BY: PRAGATI GOYAL
The insolvency and Bankruptcy code , 2016 (IBC) is the law in India and which has the aim to consolidate the existing framework by creating a single law for insolvency and bankruptcy and amend the laws relating to the entities in India with the passage and demands of the time. It was passed by Lok Sabha on 5 May 2016. This code deals with only four entities namely individuals, partnership firms, limited liability partnership (LLP) and companies .This code doesn’t apply to any other entities like societies trust boards etc. This code deals with insolvency, bankruptcy, and liquidation, where insolvency and bankruptcy are the terms which seems to be same but the actual meaning is different, insolvency means the situation where the liabilities of the entities are more than its assets and unable to meets its debts where bankruptcy refers to a situation or a legal process where a court of competent jurisdiction has declared the entity insolvent on the application made by that entity to declare itself. And in 2019 this act was amended for the first time where prior home buyers were not included were now included in the list after the amendment to recover their debts and more amendments made with time to time.
CURRENT ISSUE :
MS Sahoo is the chairperson of the Insolvency and the Bankruptcy Board of India (IBBI), a key authority in implementing the Code. On 22 nd march, 2020 he said that The Code provides for a time-bound and market-linked resolution of stressed assets, but if the resolution does not happen the company can perform its liquidation. It is another kind of Swachhata (cleanliness) drive to clean up NPAs (non-performing assets) and to put companies in the hands of capable and credible people. He stated that 190 companies have been rescued, while 780 were referred for liquidation. “As and when they find a problem, they try to address it as prompt as possible. The insolvency professionals, creditors, NCLT, IBBI all are on a vertiginous learning curve. The Supreme Court has been settling matters at a quick pace. I believe the road to success is always under construction,” he told. This is another kind of Swachhata (cleanliness) drive to clean upNPAs (non-performing assets) and to put companies in the hands of capable and credible people”.
QUESTION OF LAW:
The statement given by the chief of IBBI that they have recovered 207 percent of the realizable value of assets which is 107 more and that is really comprehend but here the question arises that only 190 companies have been resolved but 780 companies have been referred for liquidation which is around 4 times more. He told for the overall growth but actually most of the companies were referred to liquidation which should also be focus. No doubt is very beholden that due to IBC the companies are able to resolve or liquidate and which lead to the growth and at 207 percent which is not bad but this fact should also be consider as majority of the companies referred to liquidation.

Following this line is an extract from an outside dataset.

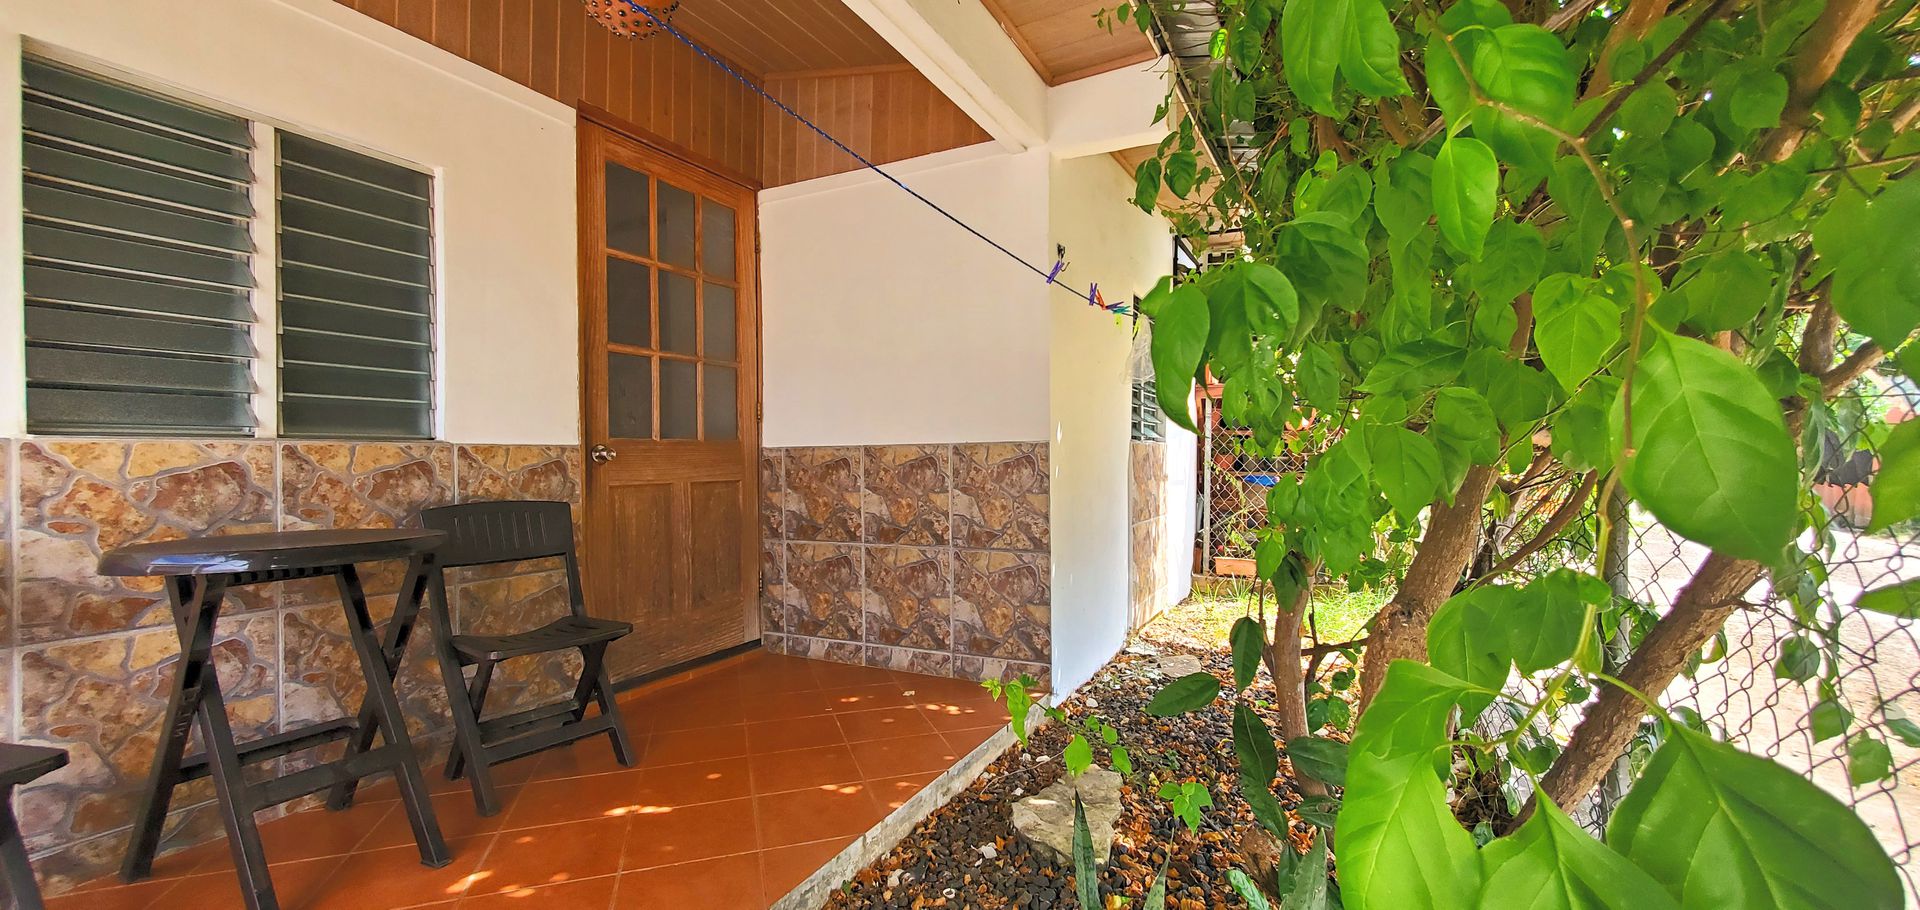 3-Bedroom House in Pedasi, Panama - Income Property with Owner Financing - Property ID PLS-18562

As the code of IBC is now being successful as stated by the chief of the IBBI where he told that assets being handover to the capable companies who will utilize those assets in the efficient manner. This is very cheerful that the creditors had recovered around 1.7 lakh crores which is 207 percent at the average but inspite of this it should also be noted that only 190 companies have been resolved and 780 companies referred for liquidation which is 4 times more so there should such provisions that lesser companies would lead for liquidation which will be consider as the actual growth of the business sector as well as economic growth of the nation.